THIS OPINION HAS NO PRECEDENTIAL VALUE. IT SHOULD NOT BE CITED OR RELIED ON AS PRECEDENT IN ANY PROCEEDING EXCEPT AS PROVIDED BY RULE 239(d)(2), SCACR.
THE STATE OF SOUTH CAROLINA
In The Supreme Court
In the Matter of Michael E., a juvenile under the age of seventeen, Appellant.
Appeal from Sumter County
Frances P. Segars-Andrews, Family Court Judge
Walter H. Sanders, Jr., Family Court Judge
Memorandum Opinion No. 2006-MO-043
Submitted November 15, 2006 – Filed December 11, 2006
Chief Attorney Joseph L. Savitz, III, of Columbia, and James H. Babb, of Sumter, for Appellant.
Attorney General Henry Dargan McMaster, Chief Deputy Attorney General John W. McIntosh, Assistant Deputy Attorney General Salley W. Elliott, and Senior Assistant Attorney General Norman Mark Rapoport, all of Columbia, and Solicitor Cecil Kelly Jackson, of Sumter, for the State.
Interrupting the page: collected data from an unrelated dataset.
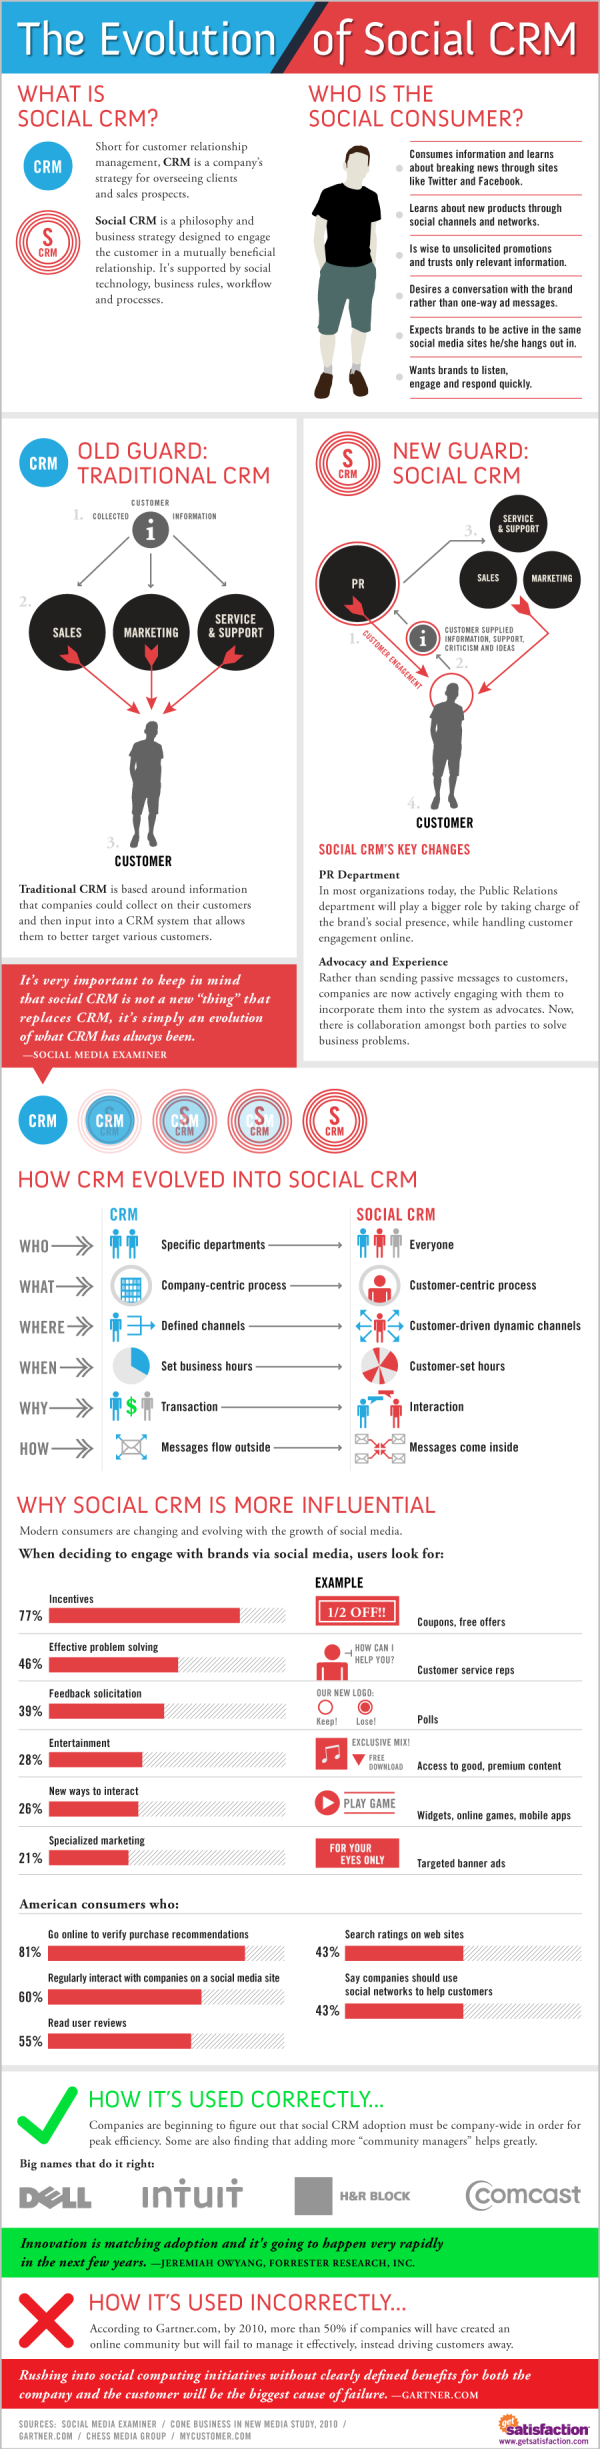 social crm evolution resized 600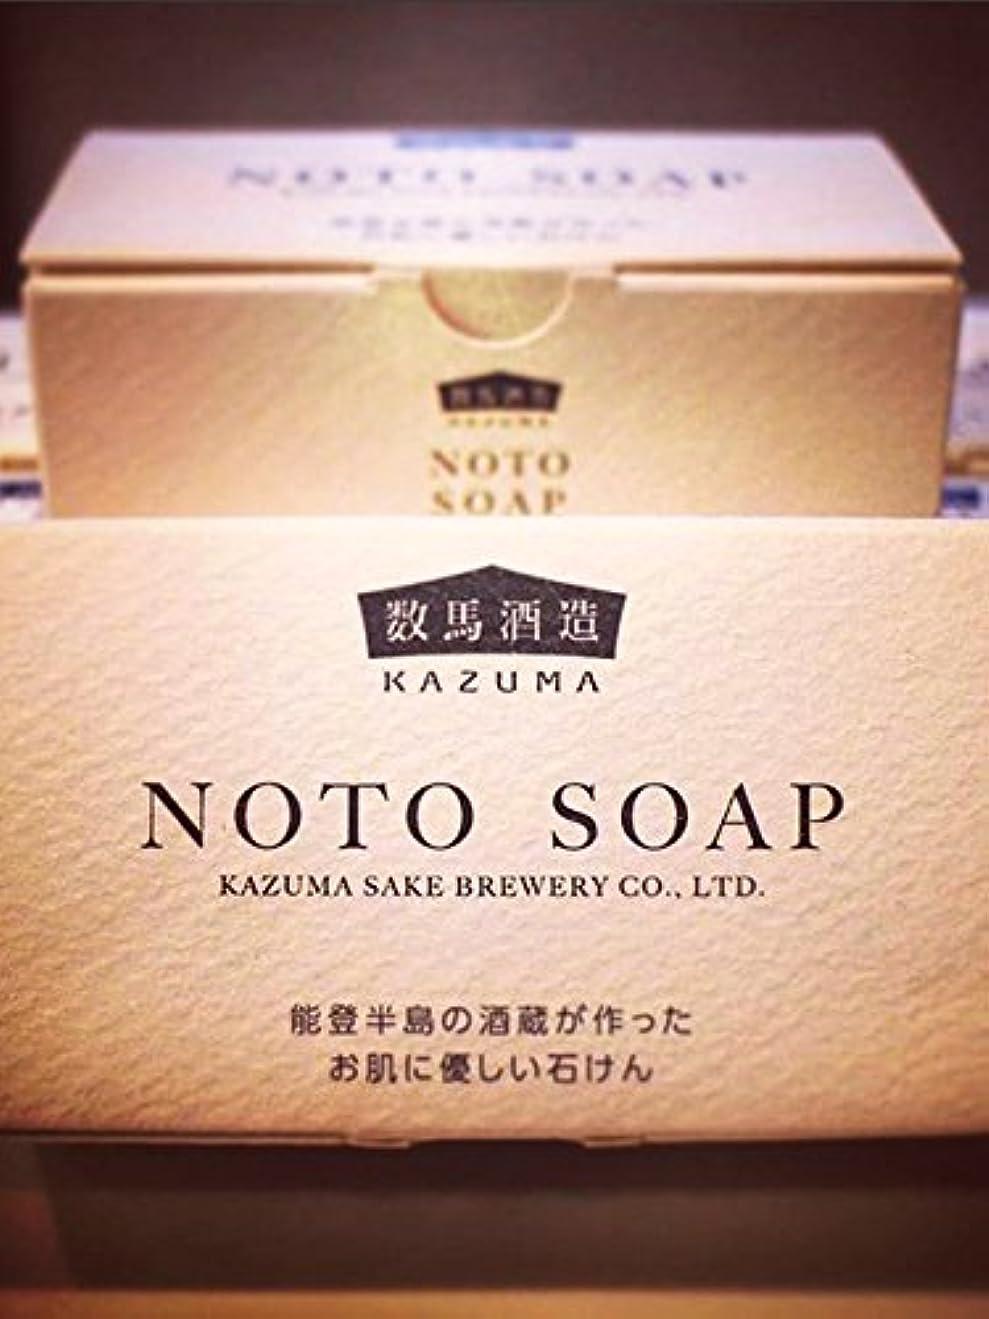 確認支給しわ竹葉 NOTO SOAP 酒粕石鹸 1個80g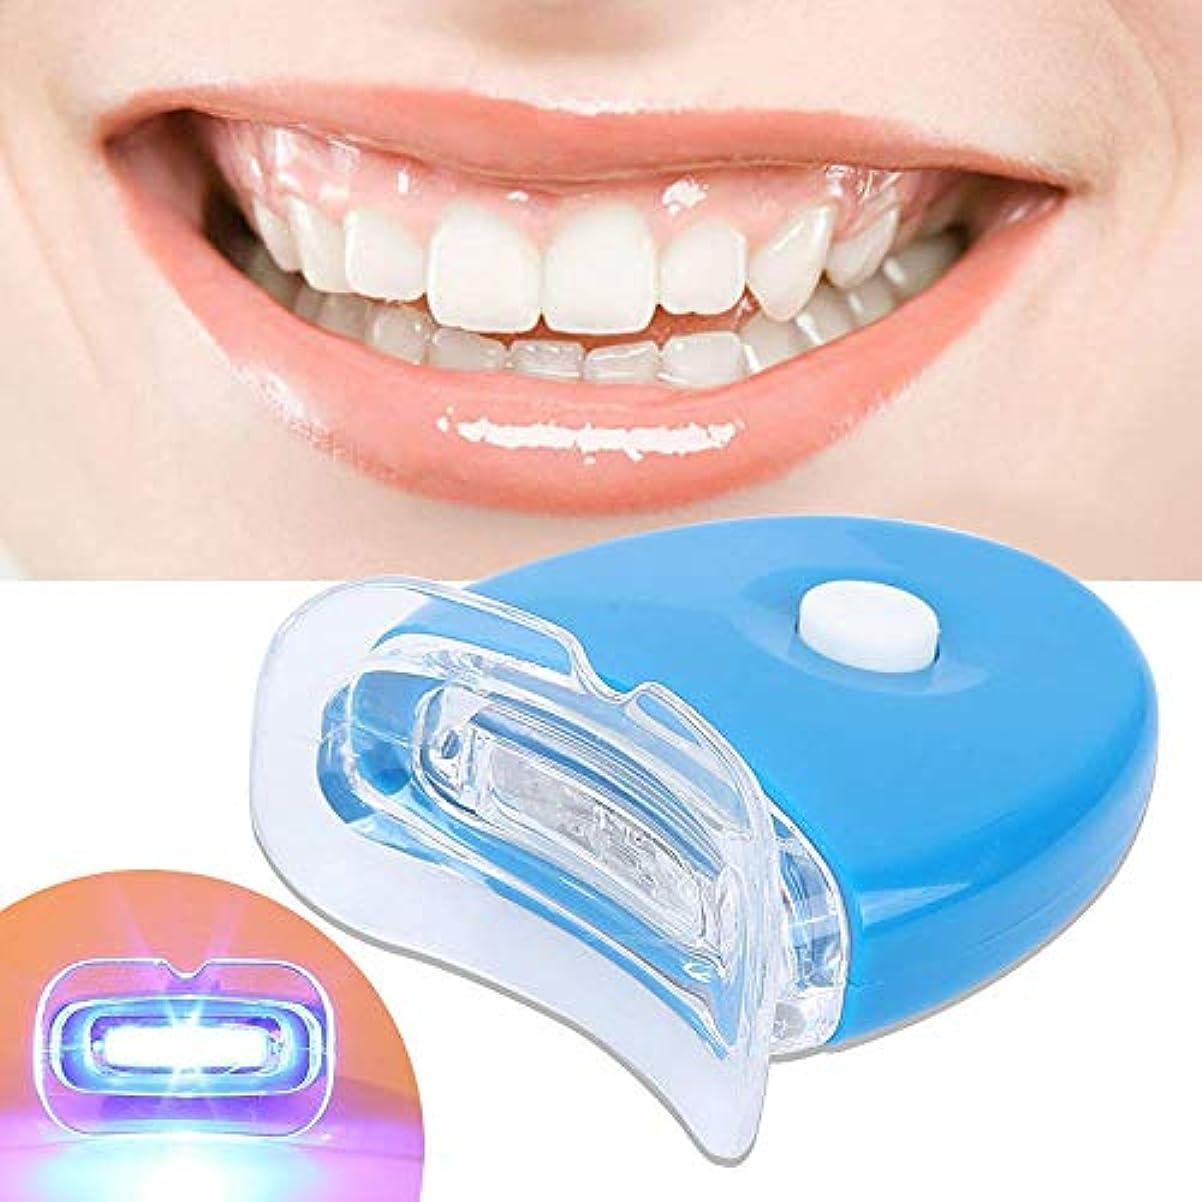 受付枠権限オフィスの家の十代の若者たちのための歯のホワイトナーの心配の健康な歯科白くなるLEDライトを白くする歯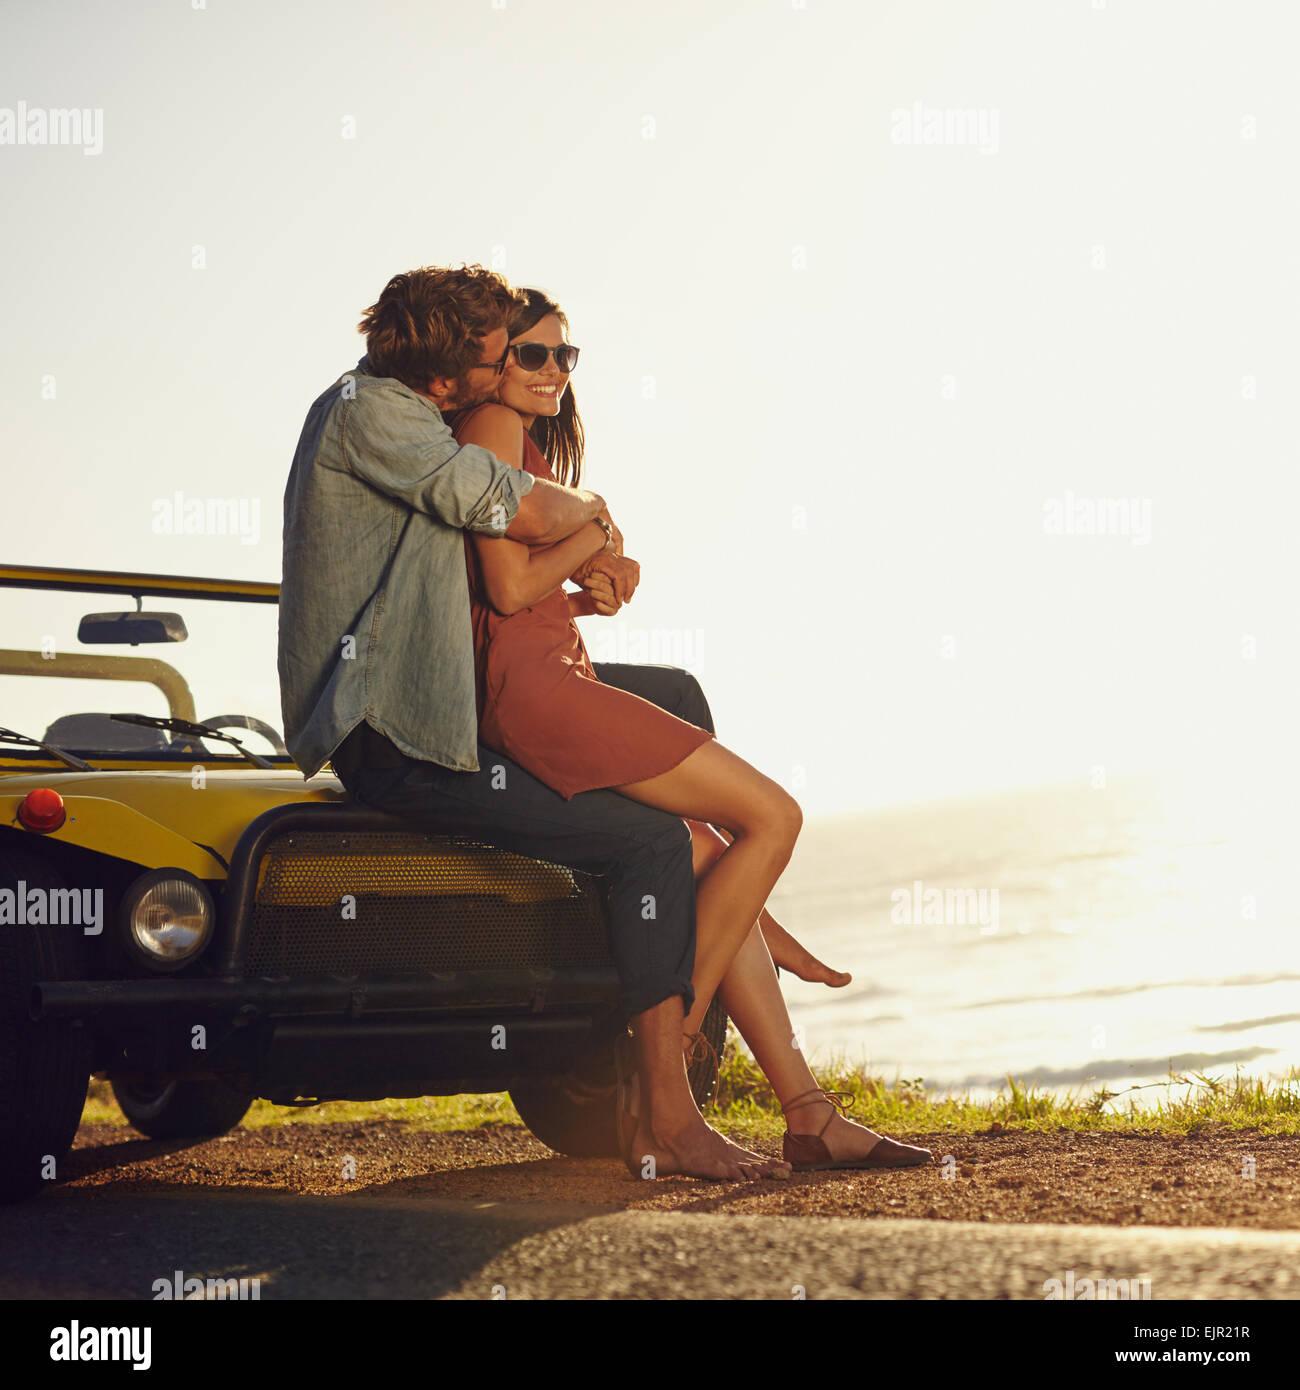 Coppia giovane in amore abbracciando e baciando. Giovane uomo e donna seduta sulla loro auto cofano. Romantico giovane Immagini Stock

PER CURIAM: In the family court, Appellant moved to quash his delinquency petition on the grounds that S.C. Code Ann. § 16-17-420 (2003), the “disturbing schools” statute, was unconstitutionally vague and overbroad. The family court denied Appellant’s motion. We affirm the family court’s decision pursuant to Rule 220(b)(1), SCACR, and the following authority: In the Interest of Amir X.S., a juvenile under the age of seventeen, Op. No. 26219 (S.C. Sup. Ct. filed Nov. 6, 2006) (Shearouse Adv. Sh. No. 42 at 23) (holding that the disturbing schools statute is not unconstitutionally overbroad and that a juvenile whose conduct falls clearly within the statute’s scope does not have standing to contest the statute on vagueness grounds).
TOAL, C.J., MOORE, WALLER, BURNETT and PLEICONES, JJ., concur.